My project involves the management and analysis of data for the Formula 1 2018 season, and I foresee the following use cases and justification for selecting MongoDB as the database:

- I chose MongoDB due to its high scalability and flexibility, allowing for efficient handling of large volumes of diverse data such as race results, team information, and driver details. The ability to modify this information without strict data schemas is particularly advantageous for a project with heterogeneous and constantly changing data, as is often the case with statistical information on sporting events. 📈

- I opted not to select another NoSQL database, perhaps because I wished to practically explore MongoDB specifically, planning to further my experience with NoSQL databases, with MongoDB being the first on my practice list. It offers a broad set of features that are well-suited for various tasks. 🔄

- The use of MongoDB is advisable when horizontal scalability is needed to process a large volume of data with an inconsistent structure, where frequent updates and changes to the data are the norm. This is ideal for analytical and operational queries where response time is critically important. ⏱️

- However, the choice of MongoDB might not be prudent if complex transactional operations with multiple dependencies and data relationships are required, where traditional SQL databases might offer more robust and optimized solutions. This was the case in my project, but with enthusiasm, I delved into this system and implemented a variety of database queries. Additionally, if the project is extremely sensitive to real-time data consistency, alternatives might need to be considered. 🖥️

---

### **About MongoDB** 🌟

**MongoDB** is a document-oriented NoSQL database, which distinguishes it from other presented databases (Redis, Apache Cassandra, Neo4j).

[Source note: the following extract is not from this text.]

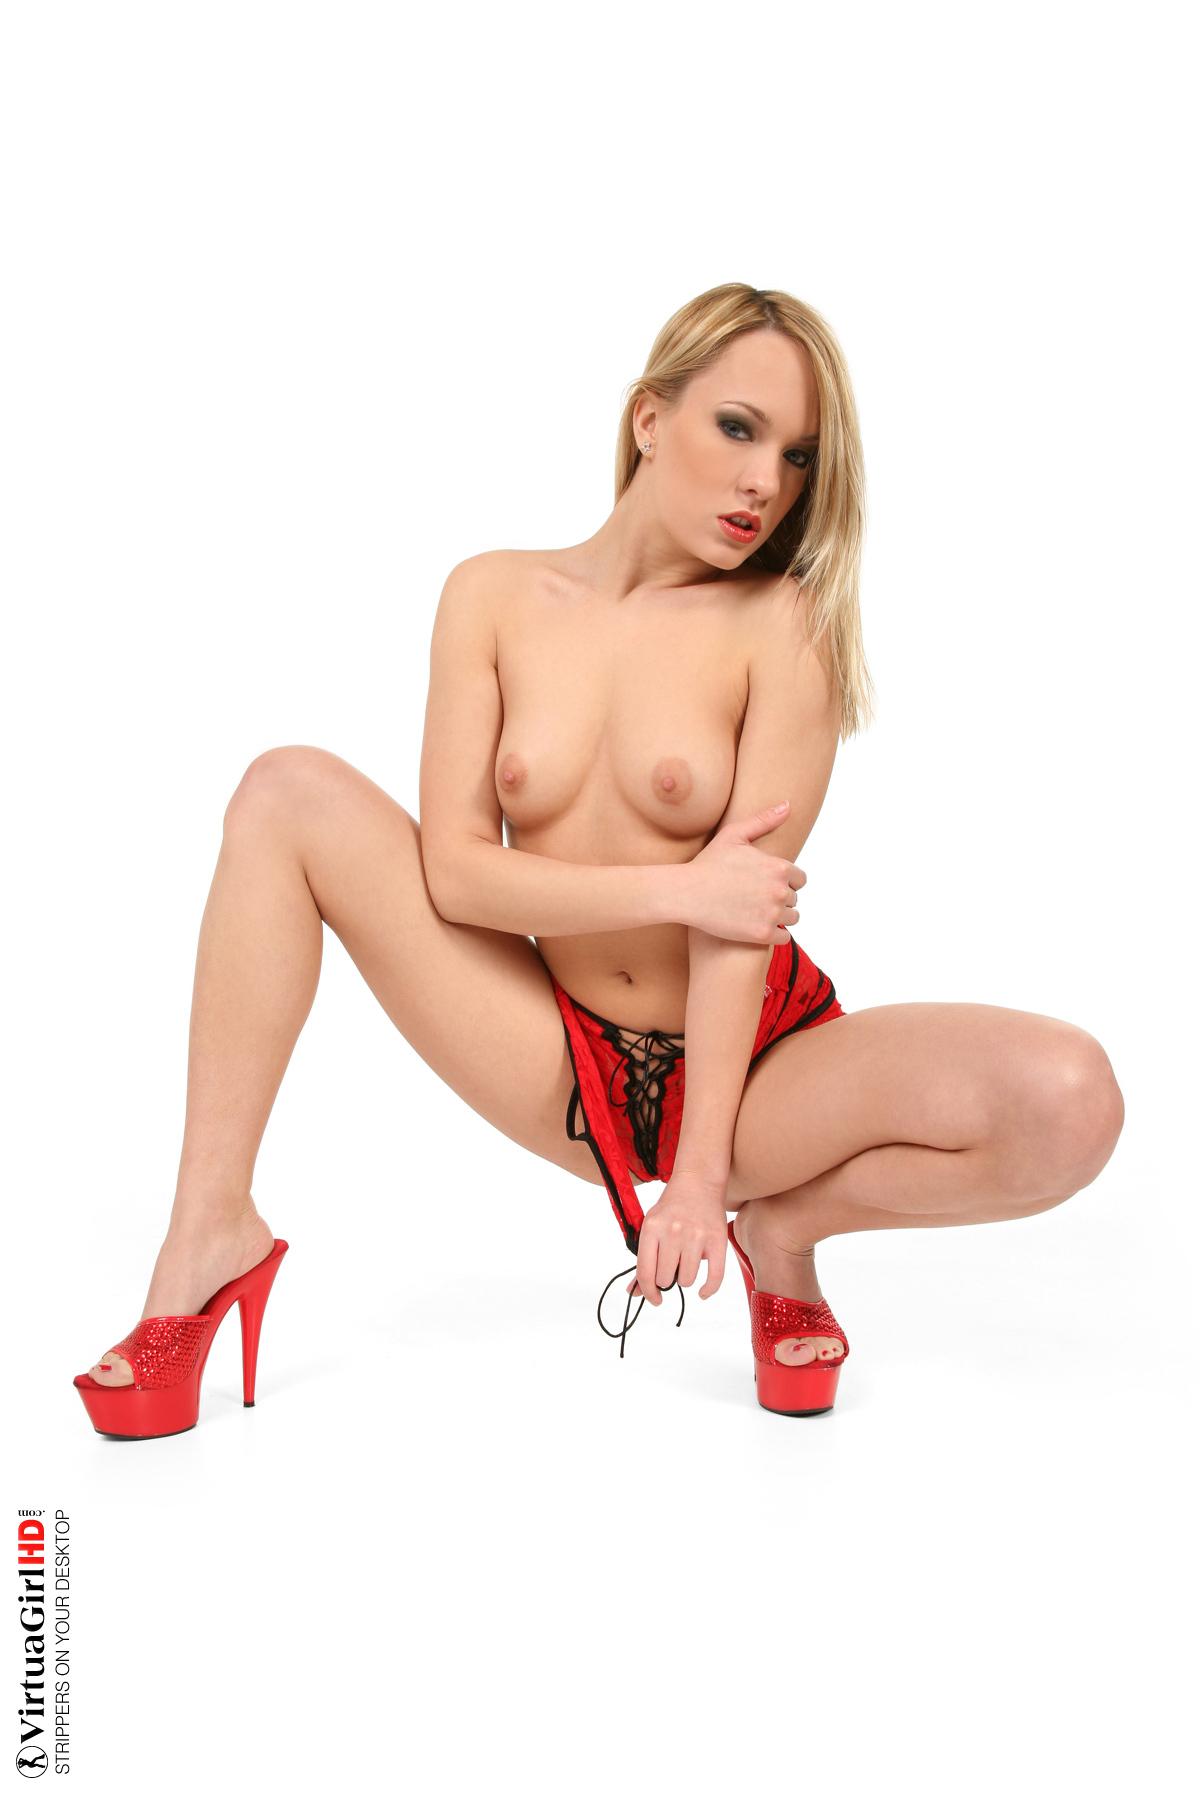 girls stripping sex

- **Redis**: Unlike Redis, which is a key-value data store and is suitable for caching and rapid temporary storage, MongoDB is designed for more complex and flexible data structures.

- **Apache Cassandra**: A columnar database aimed at high availability and scalability, especially in distributed storage. MongoDB, on the other hand, is optimized for the flexibility of document structures and horizontal scaling.

- **Neo4j**: A graph database, specifically designed to work with graph structures and relationships between objects. Meanwhile, MongoDB is best suited for hierarchical or complexly structured documents.

- **Relational Databases**: In comparison with relational databases, MongoDB does not require a rigid table schema making it flexible for development and iteration.

- **Data Representation**: MongoDB uses BSON (binary JSON) to represent documents, while relational databases operate with tables, rows, and columns.

---

### **MongoDB Basic Principles** 📚

- MongoDB is a popular *NoSQL database* known for its document-oriented nature.

- It primarily uses a *distributed data model*. Depending on the deployment setup, both horizontal scaling (sharding) and vertical scaling are possible.

- *Sharding* is a core feature of MongoDB, allowing it to distribute data across multiple servers. This helps in ensuring high throughput and horizontal scalability.

- *Replication* is also natively supported in MongoDB, enhancing availability and redundancy. A group of MongoDB servers, known as a replica set, ensures data reliability and fault tolerance.

- While Redis is an in-memory key-value store, Apache Cassandra is a column-family store, and Neo4j is a graph database, MongoDB stands out with its *document data model*. This allows for flexible schema representation, especially beneficial for applications with evolving data structures.

- Unlike traditional relational databases that use tables, rows, and columns to represent data, MongoDB uses *collections and BSON (binary JSON) documents*, making data integration more straightforward for certain types of applications.

- This distinction in data representation and storage mechanisms, coupled with its scalability features, makes MongoDB a preferred choice for many large-scale applications and enterprises.

---

### **CAP Theorem and MongoDB** 🌐

MongoDB is designed with a focus on **Consistency** and **Partition Tolerance**, placing it on the CP side of the CAP theorem. This orientation is ideal for systems where data accuracy cannot be compromised.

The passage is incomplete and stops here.